Gas prices today are higher than they were a year ago, according to AAA, but that doesn't surprise people who have closely tracked Obama's belief that higher gas prices are good for us. Here's the inside story:
When Obama took office, regular gas was selling for $1.90 a gallon under Bush. The decline in gas prices under the Bush administration was a welcome relief to motorists, but not to Obama, who believes gas prices must rise substantially if alternative fuels are to become economically viable.
During the 2008 presidential campaign, Steven Chu, a physicist professor at Stanford University and one of Obama's energy advisers, told the Wall Street Journal: "Somehow we have to figure out how to boost the price of gasoline to the levels in Europe" where gas prices are about $9 a gallon.
That was music to Obama's ears. He made Chu his secretary of energy, and gas prices soared.
Over the past six months, Obama has been battered by one scandal after another, further eroding whatever trust voters had in him when they gave him a second term.
The administration's slippery explanations, doubts, and denials about what was clearly an all-out terrorist attack on our consulate in Benghazi spawned suspicions that the White House was playing politics with this tragic event in the mist of the 2012 campaign.
To this day, the White House's response has the rank smell of coverup. The State Department still hasn't explained satisfactorily why the pleas of Ambassador Christopher Stevens for increased security were coldly ignored before terrorists murdered him and three other Americans.

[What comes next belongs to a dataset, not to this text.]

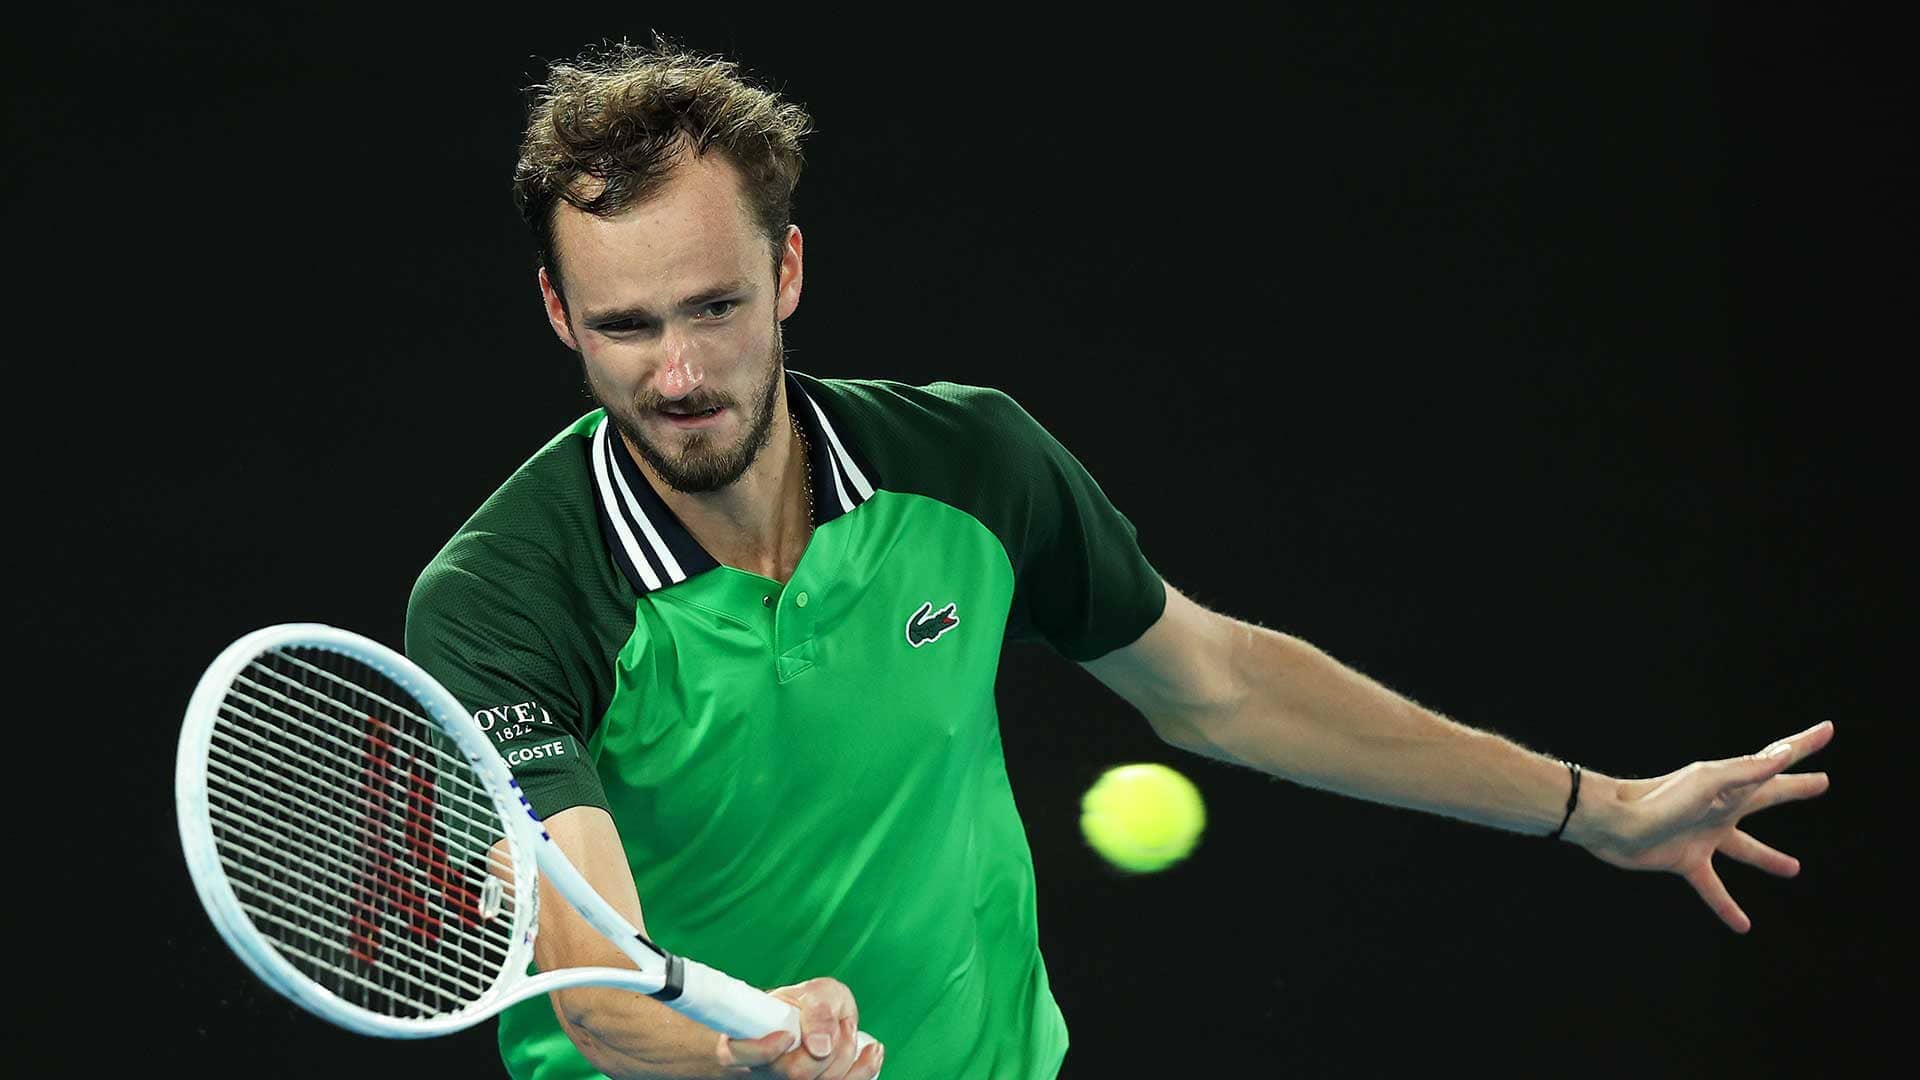 Daniil Medvedev will make his second appearance at the Laver Cup.

Then came the nasty IRS scandal where, under orders from Washington officials, federal tax agents targeted and intimidated dozens of conservative groups during the 2012 campaign cycle to delay and deny their tax-exempt status.
More recently, Edward Snowden's disclosure of national security surveillance programs has presented problems for the administration.
The scandal isn't that we've used telephone and internet data tracking, under oversight by the courts, to uncover and foil terrorist attacks on our country and our allies. The police have used such tools in their criminal investigations for a long time.
The real scandal is this administration's negligent hiring practices in our intelligence agencies and its loose security rules which allowed this national security thievery to take place.
The White House still hasn't bothered to explain how much damage has been done to homeland security on Obama's watch.
The result: The President is fast losing the confidence of Americans who voted for him in November. They see a chief executive who has an excuse for everything that's gone wrong and who spends much of his time at party fundraisers focusing on next year's midterm elections.
In a recent nationwide survey, the Gallup Poll read out a list of institutions in American society, asking "how much confidence you, yourself, have in each one."
Confidence in the Obama presidency ranked fifth in the responses -- a dismal 36 percent.